Citigroup CEO: Digital currencies deliver ‘very tangible benefits’

Despite signs of adoption from financial firms like Mastercard (MA) and US Bank (USB), cryptocurrency remains in the crosshairs of top bankers and regulators. 

JPMorgan Chase (JPM) CEO Jamie Dimon called bitcoin “worthless” earlier this month, and Securities and Exchange Commission Chairman Gary Gensler has indicated a desire to regulate an asset class he describes as the “wild west.” 

But Citigroup (C) CEO Jane Fraser struck an optimistic tone about digital assets in a recent interview with Yahoo Finance. She emphasized the “tangible benefits” of digital assets, like speedy transactions and transparent accounting; and she confirmed that the asset class will have a place in the “future” of financial services.

“We see benefits from the digital asset space: instant processing, fractionalization, programmability, and transparency,” Fraser told Yahoo Finance at its All Markets Summit on Monday. “Those are very tangible benefits that come from it.” 

“It’s clear that digital assets will be part of the financial services and financial markets — the future of them,” she adds. “We already see clients very active in the space.”

“Real-time payments will be here in the near term, and digital currencies may be part of that future,” says Fraser, who took over as CEO in March. 

‘We’re proceeding thoughtfully and with appropriate caution’

Berkshire Hathaway (BRK-A, BRK-B) CEO Warren Buffett in 2018 described bitcoin as “rat poison,” and a survey conducted by JPMorgan Chase (JPM) in June found that one-third of mainstream investment firms agree with Buffett’s characterization.

But major financial institutions have warmed up to cryptocurrency. US Bank, the nation’s fifth-largest retail bank, this month announced the launch of a cryptocurrency custody service for fund managers. 

The move follows the formation of a unit at JPMorgan Chase last year devoted to projects that incorporate blockchain technology, as well as the news in May of a cryptocurrency trading group at Goldman Sachs (GS).  

Bitcoin (virtual currency) coins are seen in an illustration picture taken at La Maison du Bitcoin in Paris July 11, 2014. French police dismantled an illegal Bitcoin exchange and seized 388 virtual currency units worth some 200,000 euros ($272,800) in the first such operation in Europe a public prosecutor said on Monday.   REUTERS/Benoit Tessier (FRANCE - Tags: BUSINESS)

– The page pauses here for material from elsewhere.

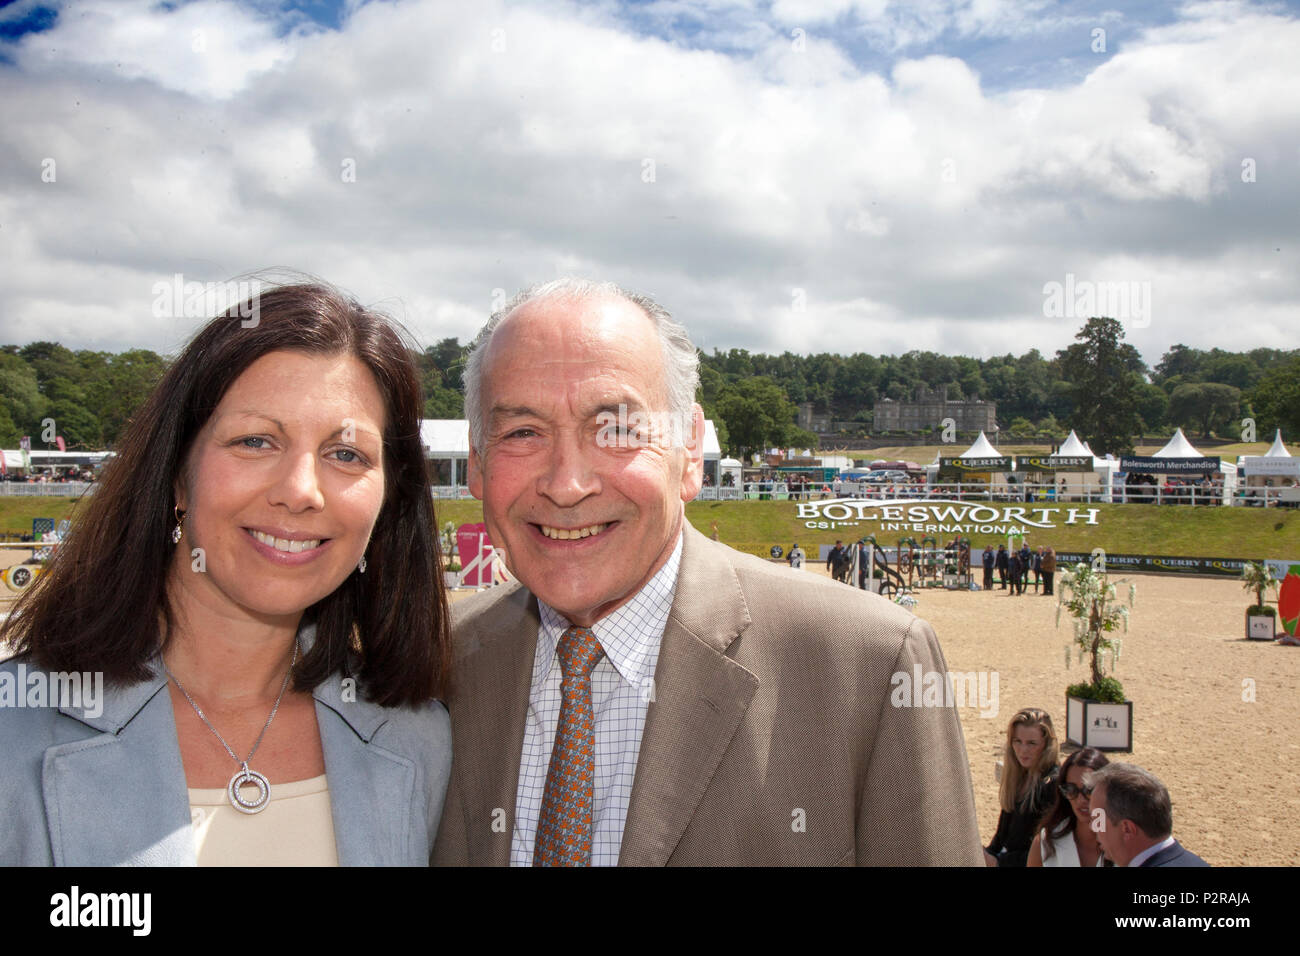 Bolesworth, Cheshire, UK. 16th Jun, 2018. Alastair Stewart OBE is all  smiles with Nina Barbour the Show Director at The Equerry Bolesworth  International Horse Show at Bolesworth Castle in the Cheshire countryside.

Bitcoin (virtual currency) coins are seen in an illustration picture taken at La Maison du Bitcoin in Paris July 11, 2014. REUTERS/Benoit Tessier

In May, Citigroup launched a digital assets unit of its own, which is housed within its wealth management division. But the bank is taking careful steps into the space as it manages concerns over looming regulation and client risks, Fraser said.

“I would say we’re proceeding thoughtfully and with appropriate caution here,” she says. “Why is that? There’s still a lot of questions about how the space evolves around regulatory clarity, around some of the scalability, around resiliency, certainly around some transparency, and making sure that there are the appropriate guardrails in the system, particularly for our retail clients.”

“We don’t want them participating in areas that they’re not necessarily as well equipped to understand the risks of,” she adds.